= Frederick Alexander James =

Australian merchant (1884–1957)

Frederick Alexander James (17 December 1884 - 19 March 1957) was an Australian merchant and litigant.

Born at East Marden in South Australia to Thomas James and Emily, née Pitt, he received a sketchy education and after studying at the Muirden College for Business Training joined his father's fruit business Trevarno, which he and his brother took over in 1910. He married Rachel May Scarborough on 19 October 1910 at Glenelg. After a financial disaster during World War I when the brothers were left out of pocket after shipping a quantity of fruit to Germany, they dissolved the partnership and Frederick established new orchards at Berri, successfully dealing in dried fruit from 1920. He stayed out of the Australian Dried Fruits Association in protest at the restrictive sale rules. During this period he also gained extensive familiarity with Australia's Constitution.

In 1925 James successfully sold large quantities of his export quota to New Zealand, but his contracts were annulled when he tried to repeat his feat the following year.

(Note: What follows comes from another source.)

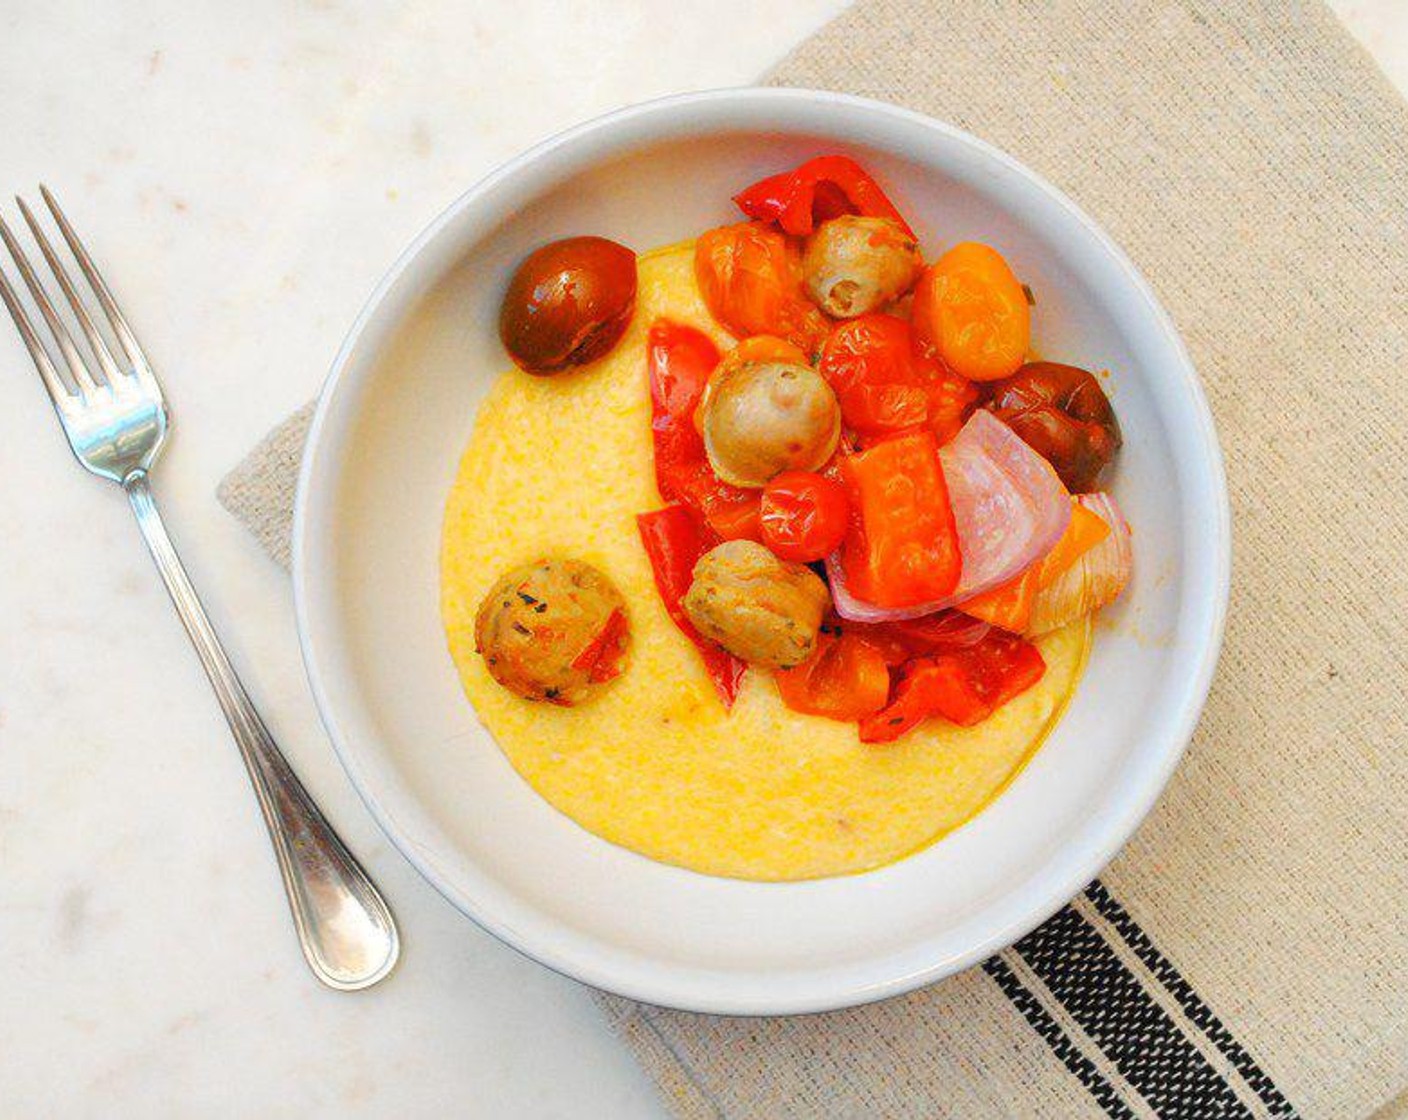 Sheet Pan Sausage & Peppers over Cheesy Polenta

He successfully had his quota raised, but on the advice of a solicitor sold more than double his quota to brokers in New South Wales and Victoria, resulting in the South Australian Dried Fruits Control Board initiating legal proceedings against him. The High Court ruled in favour of James, as it was often to do, in James v. South Australia (1927). He was also successful in James v. The Commonwealth (1928), but the court ruled against him in James v. Cowan (1930), upholding the state's right to invoke compulsory acquisition; this was reversed by the Privy Council in 1932. James was involved in many significant legal cases in the 1930s and won most of them.

Originally a Country Party member, he left when it embraced organized marketing and, after an unsuccessful attempt to gain United Australia Party preselection, ran for the Senate in 1937 on an independent ticket, winning 7.9% of the vote. In 1936 his wife initiated divorce proceedings but James persuaded her to settle out of court. She died in 1949 and he remarried Constance Winifred Timothy-Keighley on 19 April 1950. He died at Toorak Gardens in 1957.